Your assignment:
Here is the task for the records below: repeat exactly the lines from the one with "Students standing in" to the one with "Paradyne 316x manual", both included, and nothing else.
BEGIN Entries provided
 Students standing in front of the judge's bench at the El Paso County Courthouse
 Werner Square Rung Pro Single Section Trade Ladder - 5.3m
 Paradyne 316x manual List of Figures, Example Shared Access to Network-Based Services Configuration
END Entries provided
BEGIN Entries provided
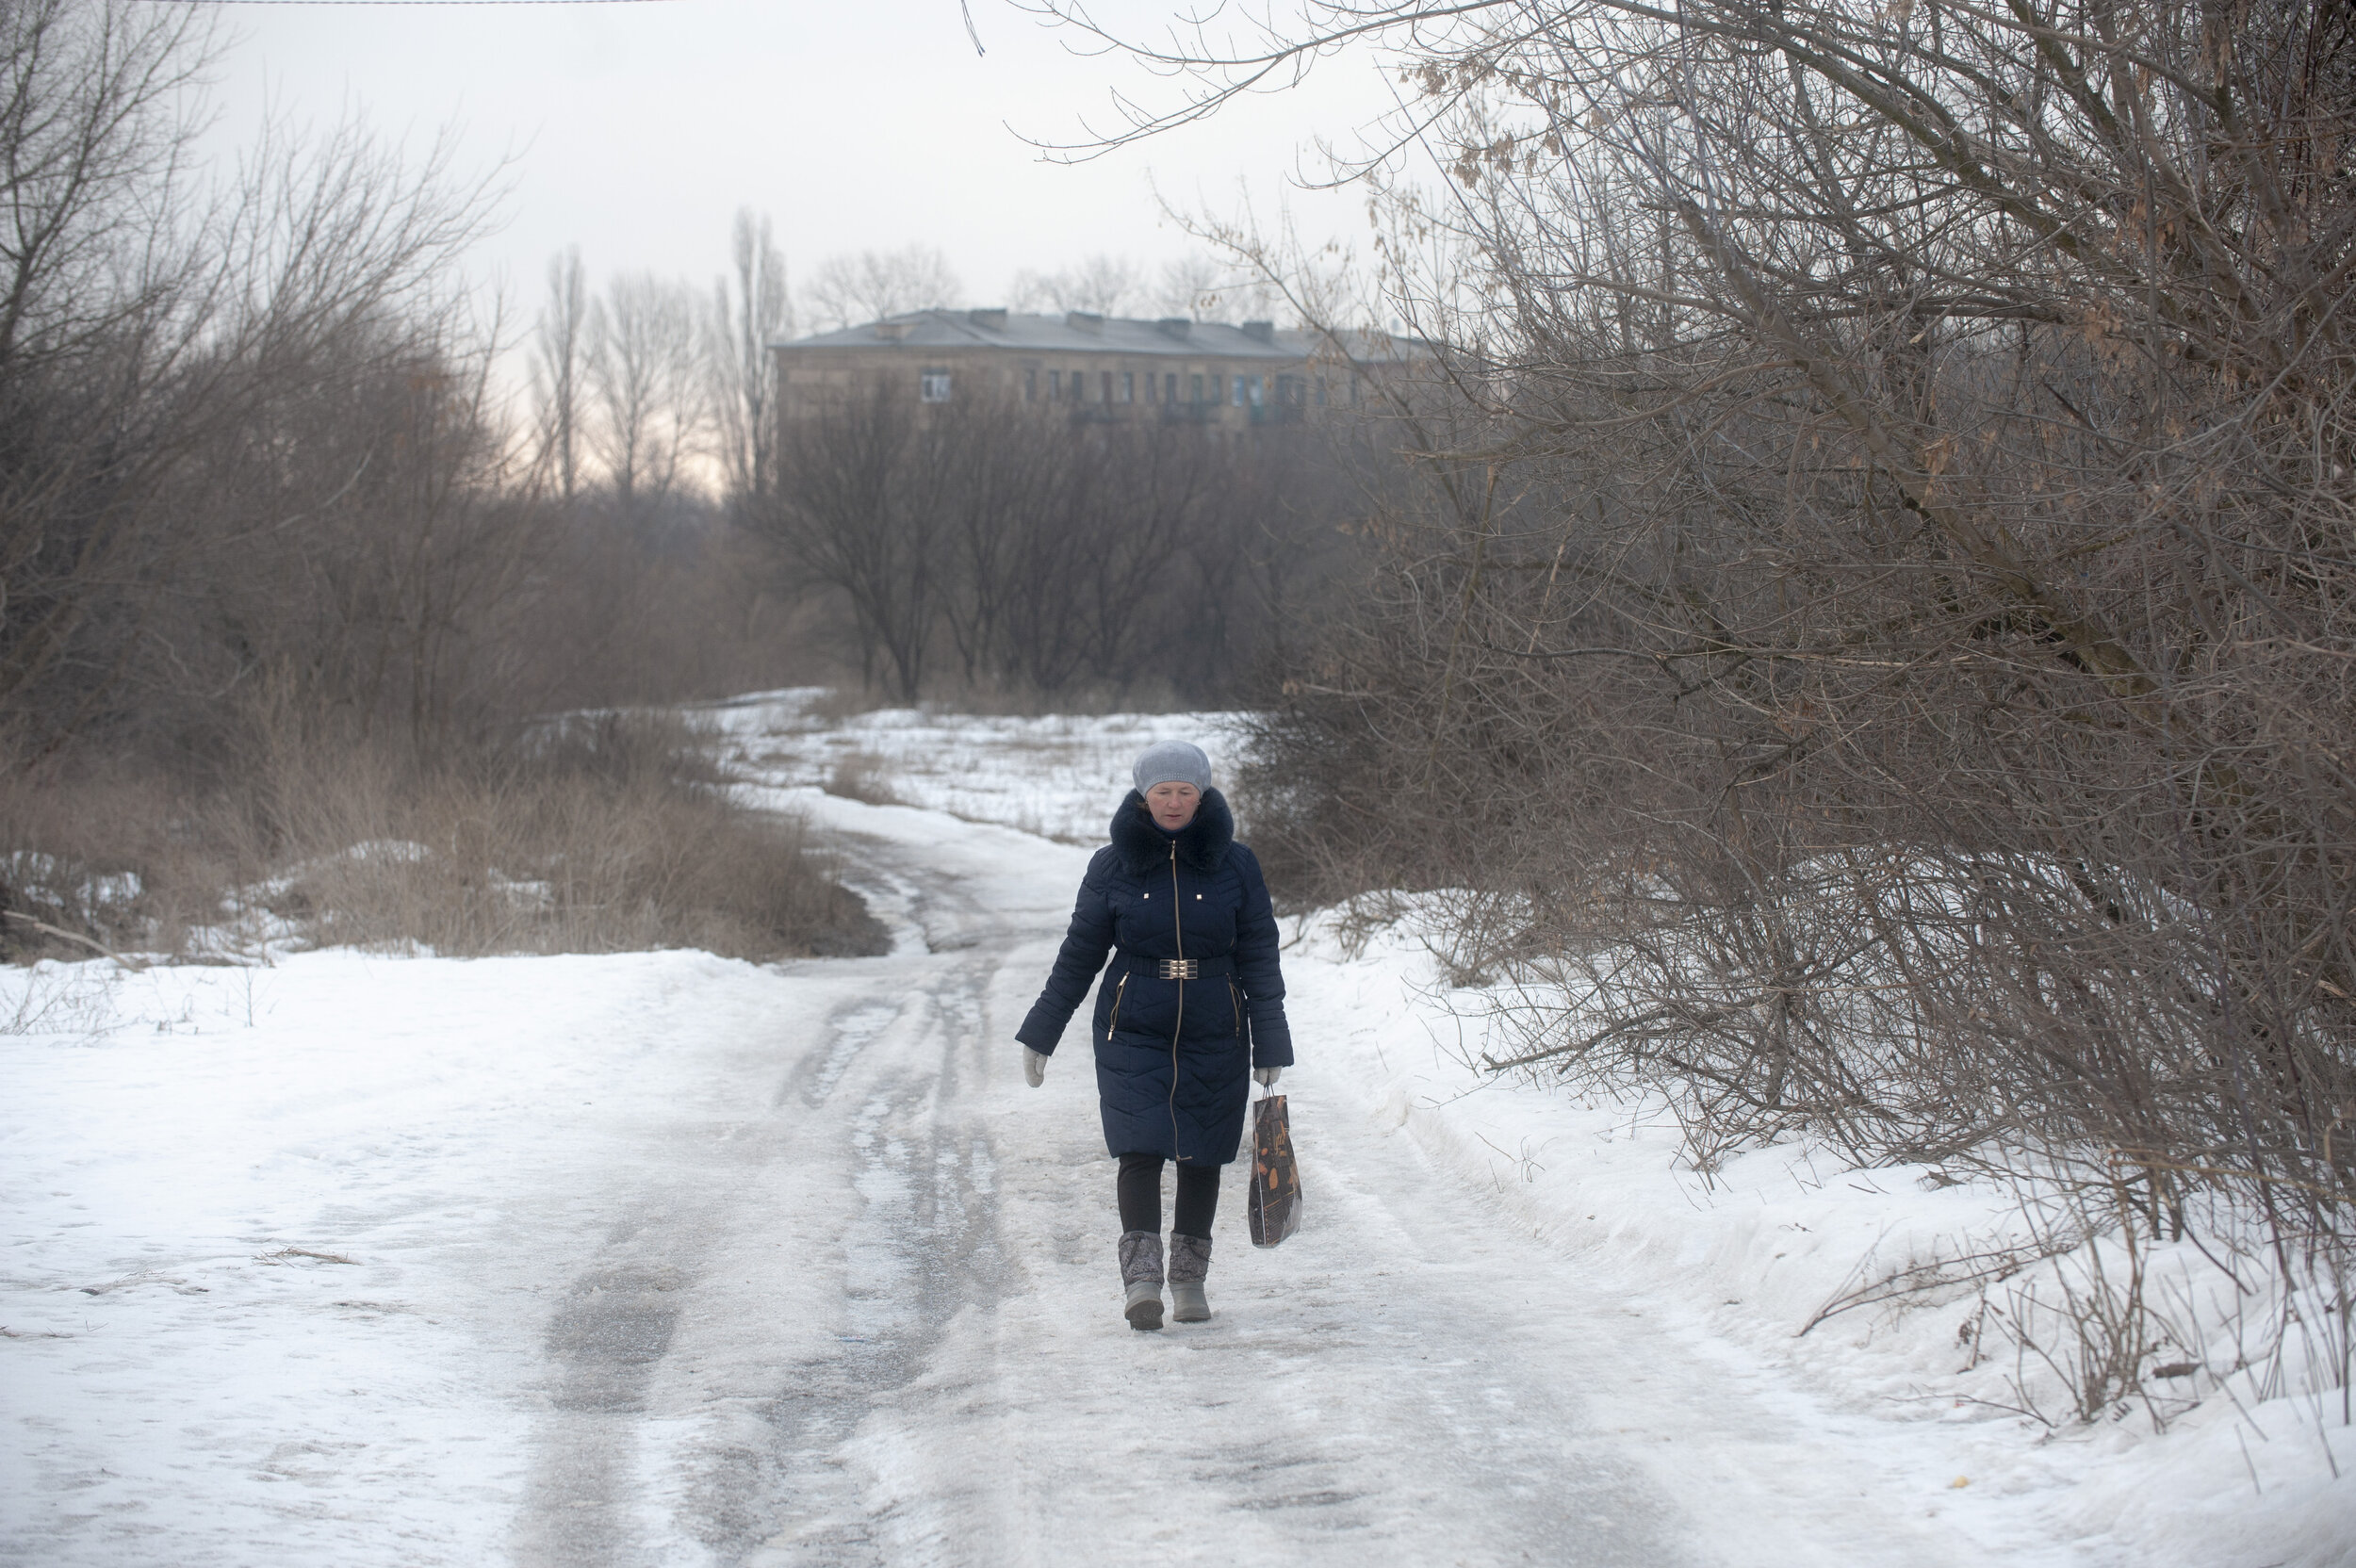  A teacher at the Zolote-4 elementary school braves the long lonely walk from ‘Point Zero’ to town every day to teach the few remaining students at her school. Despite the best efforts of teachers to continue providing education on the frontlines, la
END Entries provided
BEGIN Entries provided
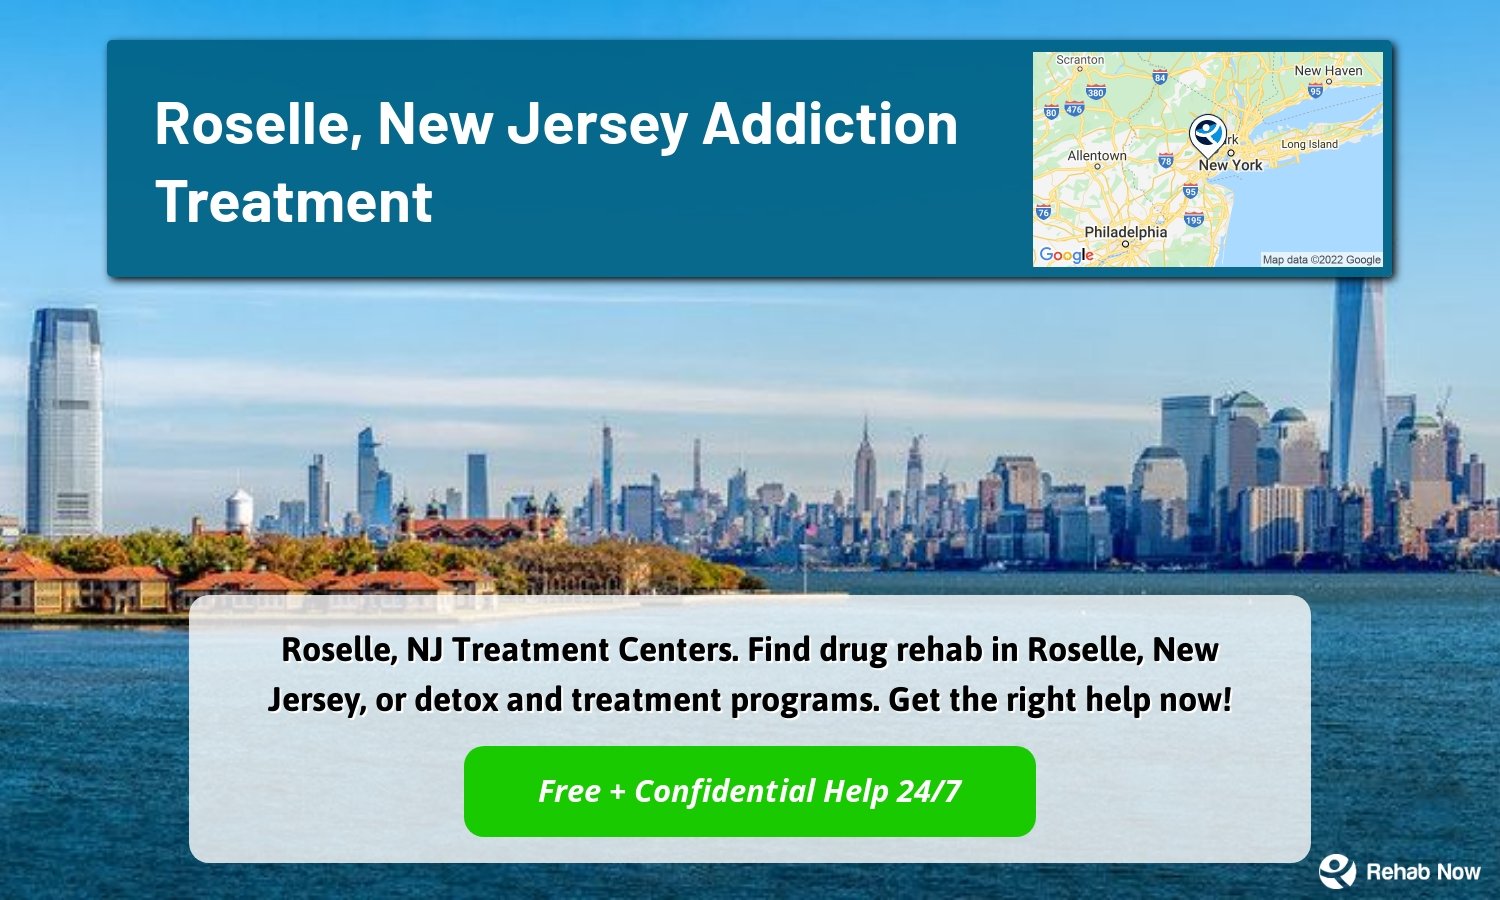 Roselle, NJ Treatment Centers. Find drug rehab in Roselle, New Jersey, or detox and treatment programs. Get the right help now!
END Entries provided
Output of the task:
 Students standing in front of the judge's bench at the El Paso County Courthouse
 Werner Square Rung Pro Single Section Trade Ladder - 5.3m
 Paradyne 316x manual List of Figures, Example Shared Access to Network-Based Services Configuration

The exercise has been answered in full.